International Journal of Scientific & Technology Research  
International Journal of Scientific & Technology Research

Website: http://www.ijstr.org

ISSN 2277-8616



An Approach To Translate Hand Gestures Into Telugu Text

[Full Text]

 

AUTHOR(S)

J SreeDevi, Dr M Rama Bai, Mohammed Maqsood Ahmed

 

KEYWORDS

Gesture Recognition, CNN, Sign Language, Telugu Text

 

ABSTRACT

Communication an indispensable part of human activities which is expressed both verbally and non-verbally is an ease for many of us but there are many like deaf and dumb for whom it is a challenge.
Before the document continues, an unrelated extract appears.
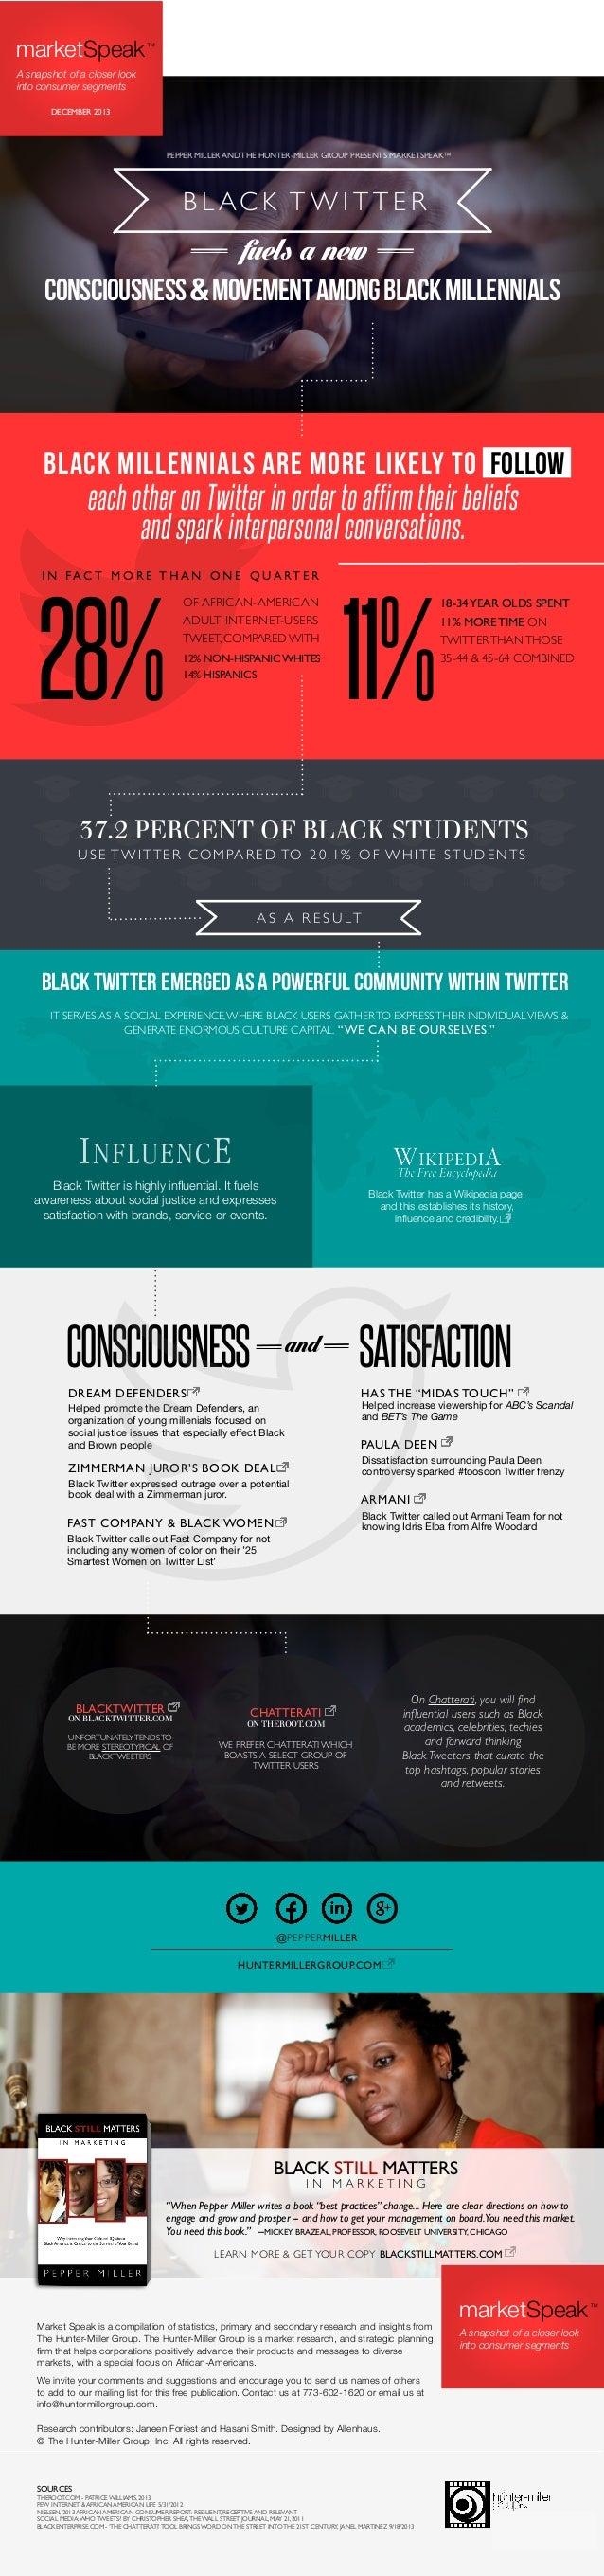 marketSpeak  ™  A snapshot of a closer look into consumer segments  marketSpeak  DECEMBER 2013  ™  A snapshot of a closer ...
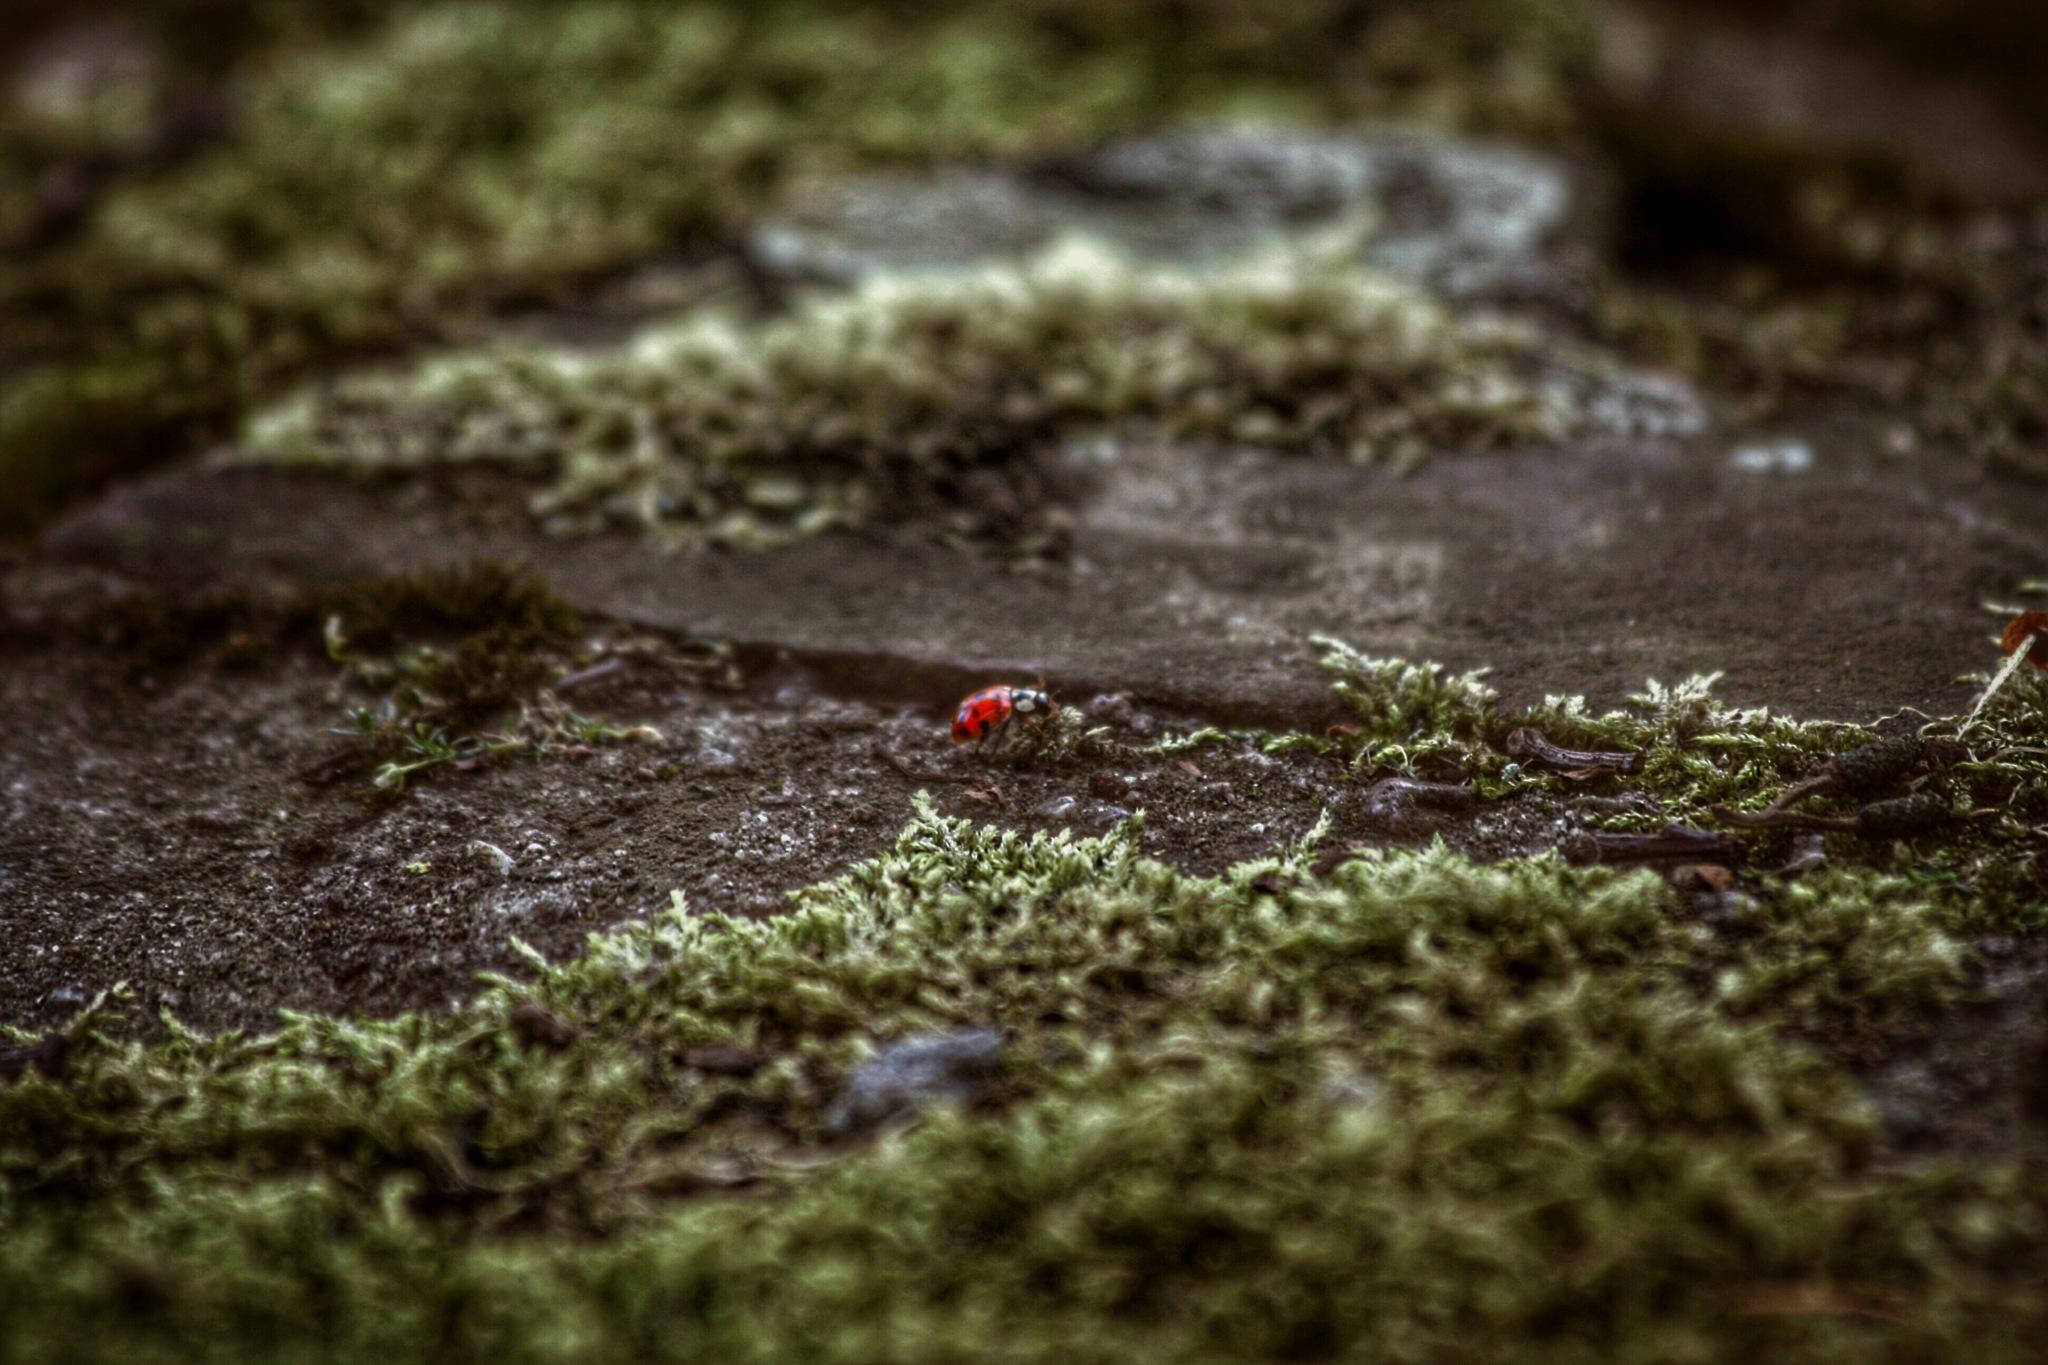 Ladybug by Frederic Basse

It is a hurdle which is hampering there talent and decreasing their productivity (proficiency); Engagement witch such specially abled persons can only happen if we know the sign language which is an organized form of communication or if there is an interpreter in between; This study attempts to decrease there hurdles to some extent by building a Gesture Recognition Model through Convolutional Neural Networks(CNN) which can predict the static hand gestures made by them and convert them into Telugu text; which will be handy in of Telugu speaking states. People who don't understand sign language can easily understand what they have to say and therefore there won’t be any need of Interpreter. This study follows the American Sign Language which is the most widely used language across the globe wherein each alphabet/word is assigned a sign to communicate.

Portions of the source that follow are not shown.